* INPUT
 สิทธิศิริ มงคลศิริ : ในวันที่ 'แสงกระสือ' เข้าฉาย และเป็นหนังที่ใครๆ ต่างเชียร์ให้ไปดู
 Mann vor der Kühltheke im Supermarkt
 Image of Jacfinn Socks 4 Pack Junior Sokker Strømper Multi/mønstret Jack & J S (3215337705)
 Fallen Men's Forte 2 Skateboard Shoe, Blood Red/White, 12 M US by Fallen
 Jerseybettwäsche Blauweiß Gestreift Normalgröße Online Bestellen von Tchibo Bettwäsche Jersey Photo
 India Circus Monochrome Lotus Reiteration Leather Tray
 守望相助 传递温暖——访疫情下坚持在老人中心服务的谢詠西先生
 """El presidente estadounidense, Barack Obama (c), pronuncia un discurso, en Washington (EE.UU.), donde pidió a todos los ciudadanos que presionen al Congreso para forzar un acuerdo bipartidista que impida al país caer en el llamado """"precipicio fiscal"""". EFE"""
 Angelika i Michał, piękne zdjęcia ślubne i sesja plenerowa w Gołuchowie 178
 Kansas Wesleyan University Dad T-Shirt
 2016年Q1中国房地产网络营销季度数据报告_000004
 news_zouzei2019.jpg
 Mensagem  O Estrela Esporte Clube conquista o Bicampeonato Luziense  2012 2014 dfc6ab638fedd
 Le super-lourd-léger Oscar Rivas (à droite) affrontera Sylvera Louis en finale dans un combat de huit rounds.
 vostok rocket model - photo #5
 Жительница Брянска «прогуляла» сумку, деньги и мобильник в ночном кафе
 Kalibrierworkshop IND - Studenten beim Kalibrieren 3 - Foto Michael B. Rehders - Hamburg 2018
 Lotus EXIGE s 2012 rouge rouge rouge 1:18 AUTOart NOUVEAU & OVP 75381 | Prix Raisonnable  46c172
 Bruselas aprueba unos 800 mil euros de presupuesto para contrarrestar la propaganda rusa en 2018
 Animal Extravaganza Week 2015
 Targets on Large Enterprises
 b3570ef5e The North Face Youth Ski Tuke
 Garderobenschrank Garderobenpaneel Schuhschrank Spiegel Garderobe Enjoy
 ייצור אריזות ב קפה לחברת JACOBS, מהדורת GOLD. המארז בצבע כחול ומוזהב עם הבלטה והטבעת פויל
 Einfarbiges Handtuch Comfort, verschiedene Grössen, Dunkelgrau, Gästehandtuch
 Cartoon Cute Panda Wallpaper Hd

* WHAT IS NEEDED
Search the listing above for "para" and copy every line that has it.

* RESPONSE TO THE TASK
 """El presidente estadounidense, Barack Obama (c), pronuncia un discurso, en Washington (EE.UU.), donde pidió a todos los ciudadanos que presionen al Congreso para forzar un acuerdo bipartidista que impida al país caer en el llamado """"precipicio fiscal"""". EFE"""
 Bruselas aprueba unos 800 mil euros de presupuesto para contrarrestar la propaganda rusa en 2018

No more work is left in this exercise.